Mmm, DP in the morning, DP for lunch, and DP after work... that is the life for me. Fellow food bro Danny got it right when he conceded that doughnuts are the most sensual thing since Betty White starred in "Golden Girls." Move the fuck over cupcakes... doughnuts are here, queer, and you should get used to it. Wait, that's not 100% what I meant... but the concept is the same. Doughnuts are finally getting their moment in the spotlight and they have staying power. End of discussion. Serious Eats, aside from graciously financing my accelerated death, is always on the edge of revolutions in dessert, so they held (yet again) a taste test of the best doughnuts in NYC. Seeing as how I have nothing better to do with my free time, I dropped in to be the best freeloader I could.
Oh yes, this happened.
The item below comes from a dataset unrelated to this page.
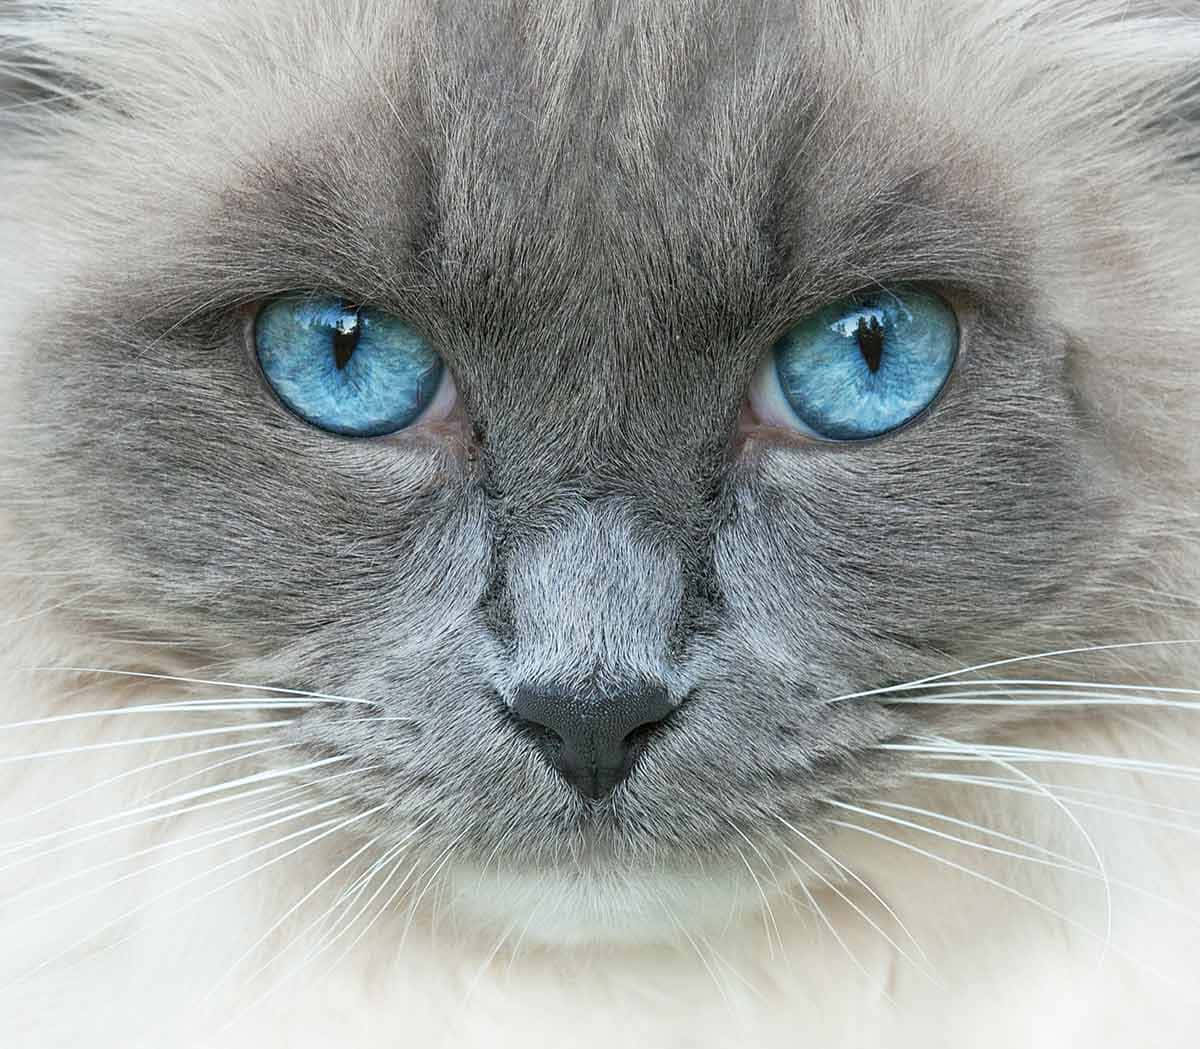 A Cat With Blue Eyes Is Looking At The Camera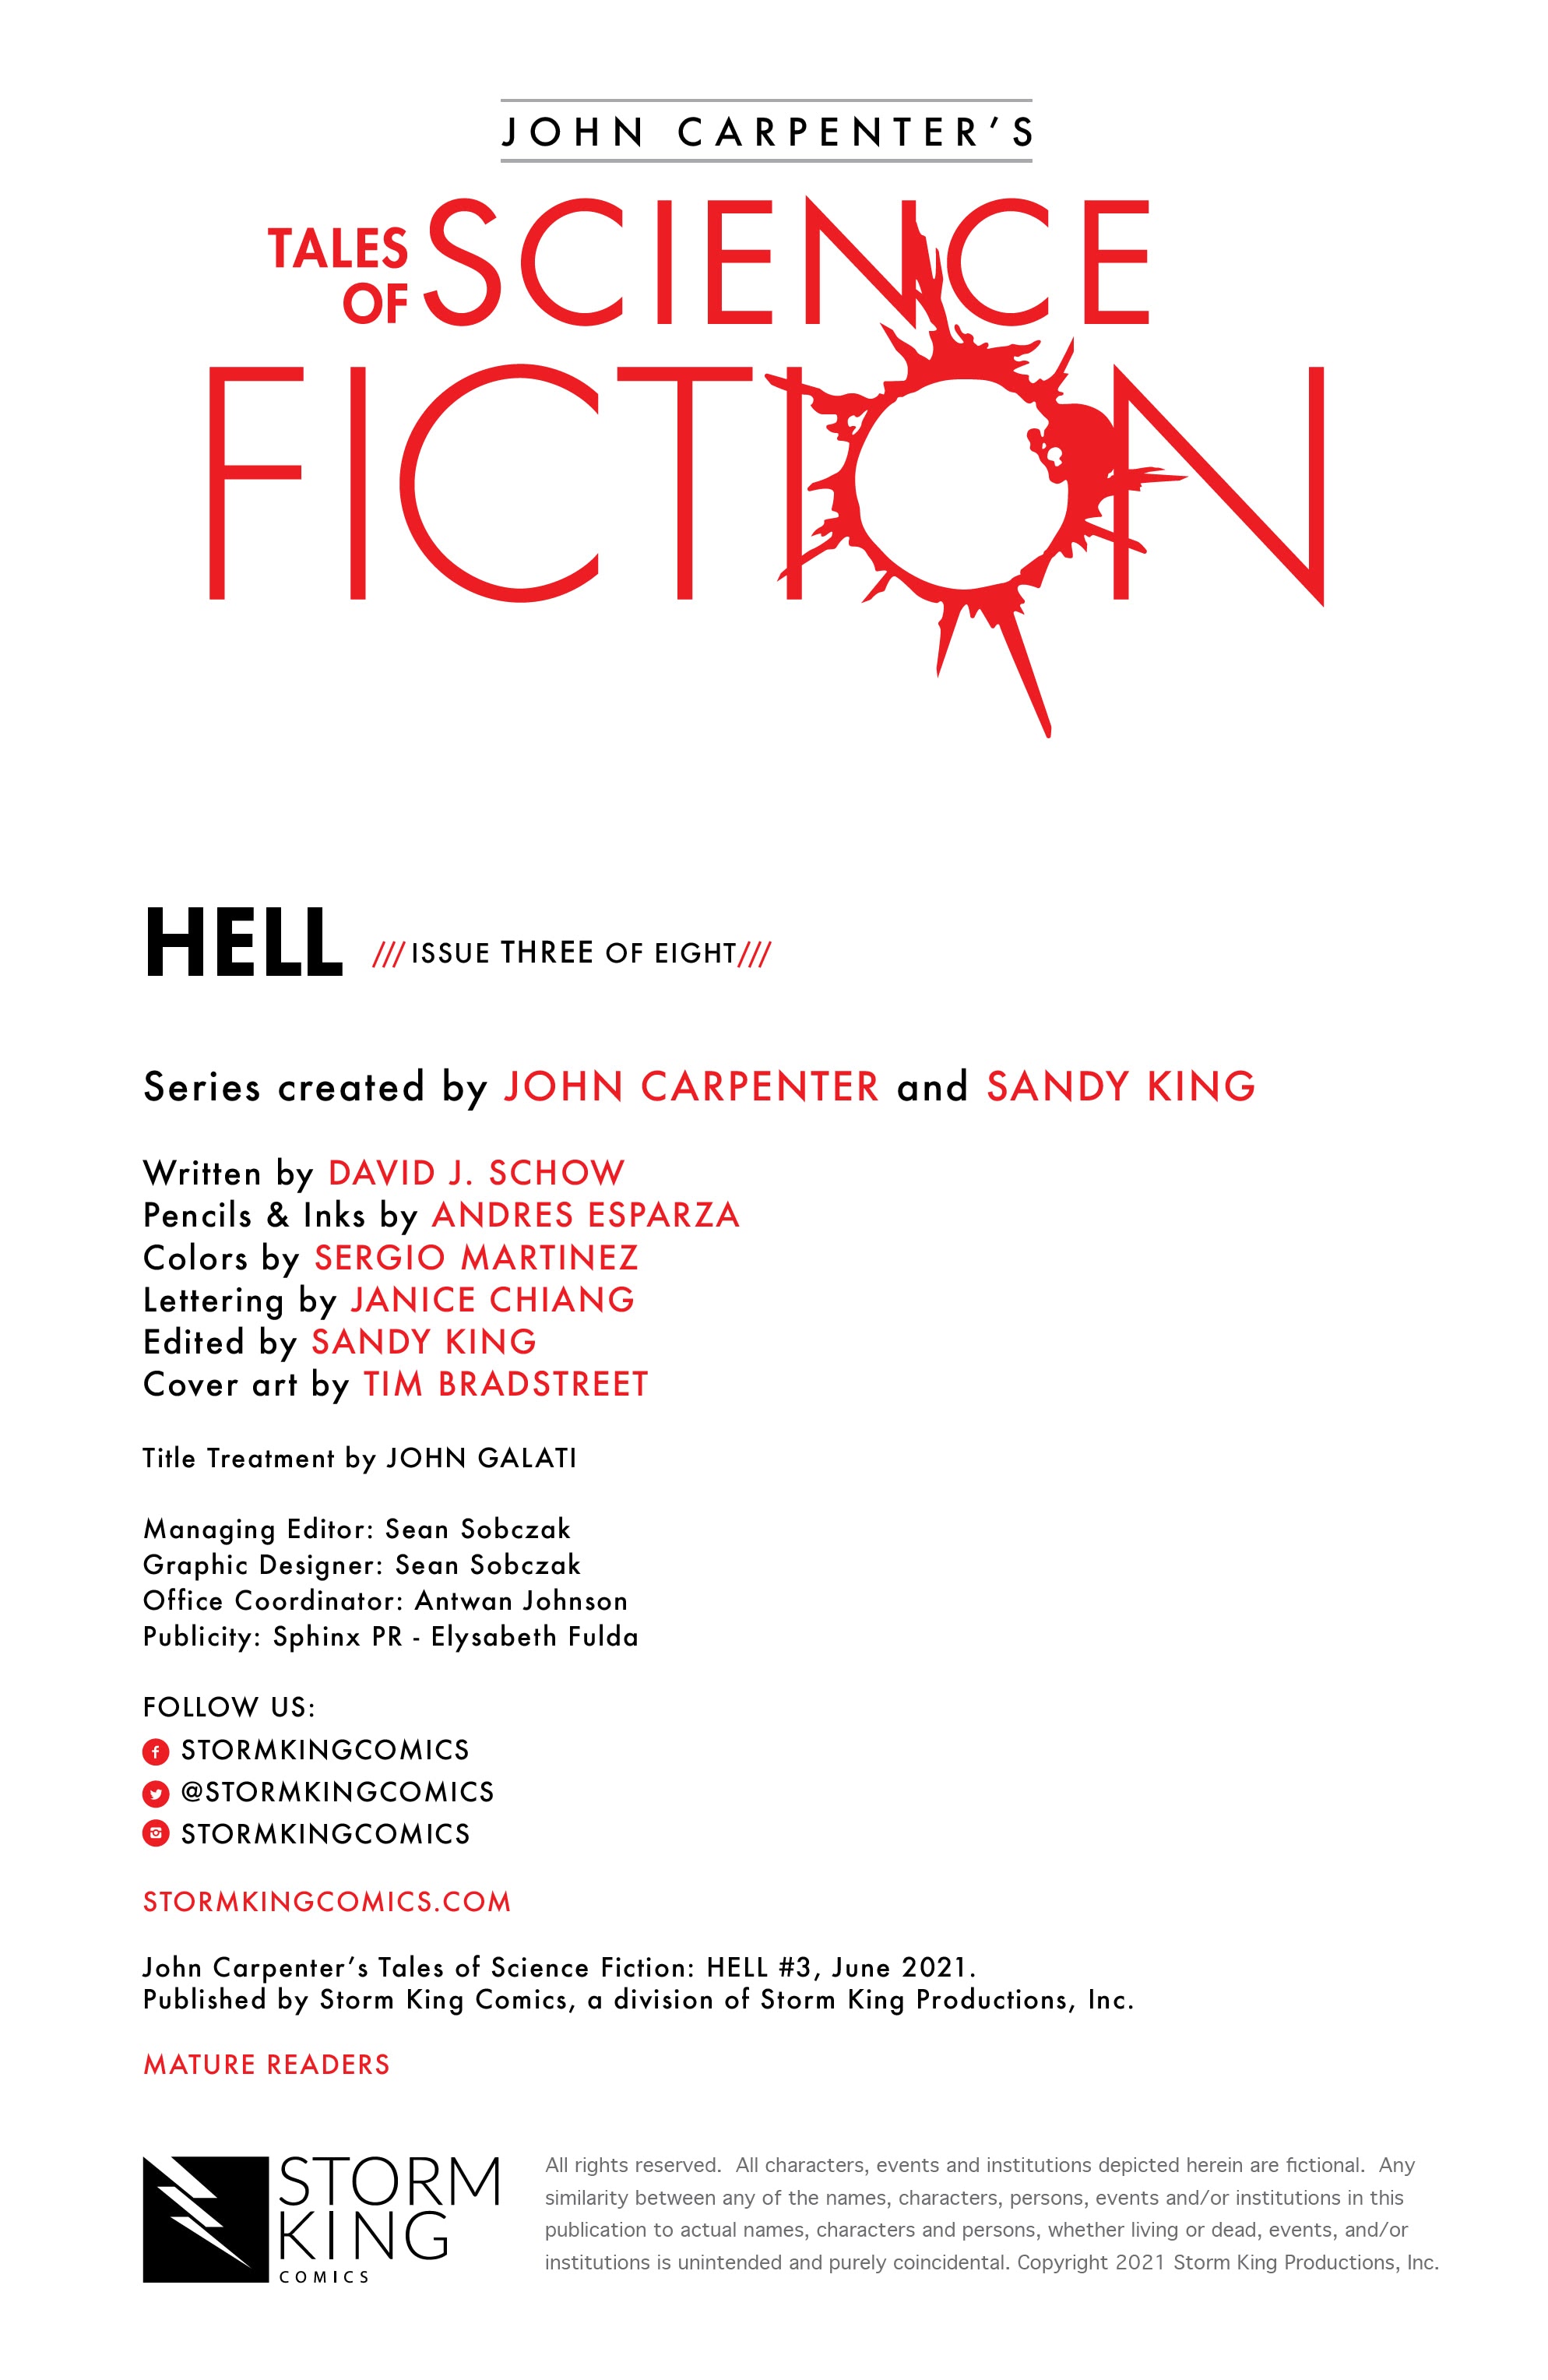 Read online John Carpenter's Tales of Science Fiction: HELL comic -  Issue #3 - 2

Basically, a list of places was constructed (not including sit down restaurants of course), and doughnuts from the all five boroughs were assembled. Sort of like a UN of doughnuts, or a Justice League of doughnuts, except less useless and way more delicious... zing! There might've been discussion going on about things like texture and flavors or whatever, but I was kind of just eating things when they appeared in front of me. Sorry I can't really offer more insight on what goes on at SE:HQ, I was too mesmerized by the sugar.
Oh hai Robyn! Yeah, unsurprisingly I wasn't allowed to just walk in to the office and eat stuff. I had to wait for photographs of everything to be taken. I got suckered into plate cleaning and doughnut piling duties (which I was more than fine with since I got out of the instant oatmeal taste test).
Now onto the doughnuts...!
This was not a doughnut. But it was on the table. So I ate it. I was actually the only person eating it, which is embarrassing considering the fact that nearly 1/4 of it disappeared before the actual doughnut tasting began. When I showed up the next day, it was still there... I ate some more. It was still good. It's really just a giant raspberry danish 10" across that's super flaky on the outside, intimately moist on the inside, and in general... delightfully fruity. I have no clue where it's from, so if someone can point me to where this fantastically over-sized danish is from, you'll be my friend FOREVER. Thanks.
Doughnut holes from dough. Admittedly, I remember nothing about them, but the SE people seemed to be smitten. I can confirm that I put them in my mouth at some point, so I must've been down with how they tasted. Honestly, it's fried dough coated in sugar. It was going to taste good from the onset.
Then came more doughnut holes... this time from Donut Pub. These were denser, chewier, and all in all heftier (much like Brawny vs. generic paper towels). They were memorable indeed. I did get to try every single one of the varieties, but after a while it they all kind of tasted similar i.e. sweet. The texture was nice though, and the moistness was definitely appreciated.
Oh shit! Surprise... more doughnut holes. These were from Panya. Again... fried dough + sugar = good to me. Other people didn't seem to like them, and yeah... they had a bit of a weird aftertaste. The texture was cool though, I think they might've been infused with mochi so they were definitely chewier. I guess the Asian idea of "QQ" is applicable. Maybe the mochi accounted for the weirdness in flavor, but honestly I don't know.
No clue where these were from either. I just didn't want people to think that I spent the day poppin' doughnut holes in my mouth. I did more than my fair share of hard work aside from that... using my front teeth eating ring shaped doughnuts, jelly filled doughnuts, and even poop shaped doughnuts...
I bet Panya thought it would be cool to make a mochi doughnut in the shape of a twist. Slight oversight on their part - people who eat doughnuts are often immature. Can you honestly tell me that thing doesn't look like a Japanese cartoon poop? Just the general shape of it. Anyway, looking like a swirl of shit was no deterrent for me, I gladly ate it. While it is definitely not good by any means, it is for sure the most delicious poop-shaped object I've ever eaten. That's pretty damn good in my book.
I was responsible for bringing bombolinis from Sullivan Street Bakery. Holy shit these things are expensive. Like $3.25 for a small puff that lasts all of three bites. Two if you're a honking fatass like me. I know on the SE slideshow they had a tie for the "battle of the bombolinis," but that's absolute horse crap. Falai's are lighter, more subtle, and all in all... more sexual overall. Know why I don't have pictures of those? Because I was too busy eating them to care about pictures. Anyway, this isn't really a good comprehensive list of doughnuts, or anything really, I just really like eating doughnuts.
As for the aftermath? When I got back to where I was staying, I basically plopped myself down on the bed... then I curled up in a ball. That sugar high nonsense? Yeah, way past that. I didn't want to do anything, I entirely frozen by the charms of glazed sugars, jelly fillings, and fried dough. The thing that really sucks is that I don't distinctly remember that much about any of the doughnuts. Shiz, I knew which ones tasted good (basically all of them), but their nuances were lost on me. Apparently shoving bite after bite of fried dough from different places with little time separating each bite is not good for taste testing. Moral of this post? Doughnuts are delicious, photographing sugary delights is hard, being a food writer is even harder yo. People might just think that I just snap some pictures, eat some food, then write about it... well let me tell you something. That's pretty much it, but it's still more difficult than you'd think, but yeah... go eat doughnuts. They're good?